◆ Recorded data:
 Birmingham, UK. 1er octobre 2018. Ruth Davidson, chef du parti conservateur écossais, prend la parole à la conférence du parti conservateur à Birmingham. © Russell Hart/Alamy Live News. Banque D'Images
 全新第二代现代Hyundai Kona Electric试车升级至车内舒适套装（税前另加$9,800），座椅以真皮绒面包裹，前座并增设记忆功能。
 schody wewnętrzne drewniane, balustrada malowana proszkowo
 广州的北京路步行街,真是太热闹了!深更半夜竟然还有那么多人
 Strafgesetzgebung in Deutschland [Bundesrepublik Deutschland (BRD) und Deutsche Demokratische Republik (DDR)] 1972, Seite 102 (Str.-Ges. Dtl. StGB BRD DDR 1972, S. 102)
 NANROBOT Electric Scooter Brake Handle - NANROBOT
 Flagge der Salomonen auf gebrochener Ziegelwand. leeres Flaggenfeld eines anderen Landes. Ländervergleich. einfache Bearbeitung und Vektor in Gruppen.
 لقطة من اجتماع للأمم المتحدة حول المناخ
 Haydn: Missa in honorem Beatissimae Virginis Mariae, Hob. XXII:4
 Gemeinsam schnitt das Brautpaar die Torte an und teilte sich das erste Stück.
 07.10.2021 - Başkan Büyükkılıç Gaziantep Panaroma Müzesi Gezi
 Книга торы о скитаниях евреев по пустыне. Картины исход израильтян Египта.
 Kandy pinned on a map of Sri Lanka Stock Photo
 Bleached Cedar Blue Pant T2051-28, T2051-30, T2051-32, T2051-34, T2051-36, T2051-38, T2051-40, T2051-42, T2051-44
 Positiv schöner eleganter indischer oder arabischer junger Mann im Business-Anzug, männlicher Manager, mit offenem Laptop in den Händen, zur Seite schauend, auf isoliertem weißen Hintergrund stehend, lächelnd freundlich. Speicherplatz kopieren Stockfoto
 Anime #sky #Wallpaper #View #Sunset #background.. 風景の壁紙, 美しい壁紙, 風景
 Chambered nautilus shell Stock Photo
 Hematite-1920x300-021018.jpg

◆ Task description: Which lines of the data contain the string "Photo"? Copy each one.

◆ Completed task:
 Kandy pinned on a map of Sri Lanka Stock Photo
 Chambered nautilus shell Stock Photo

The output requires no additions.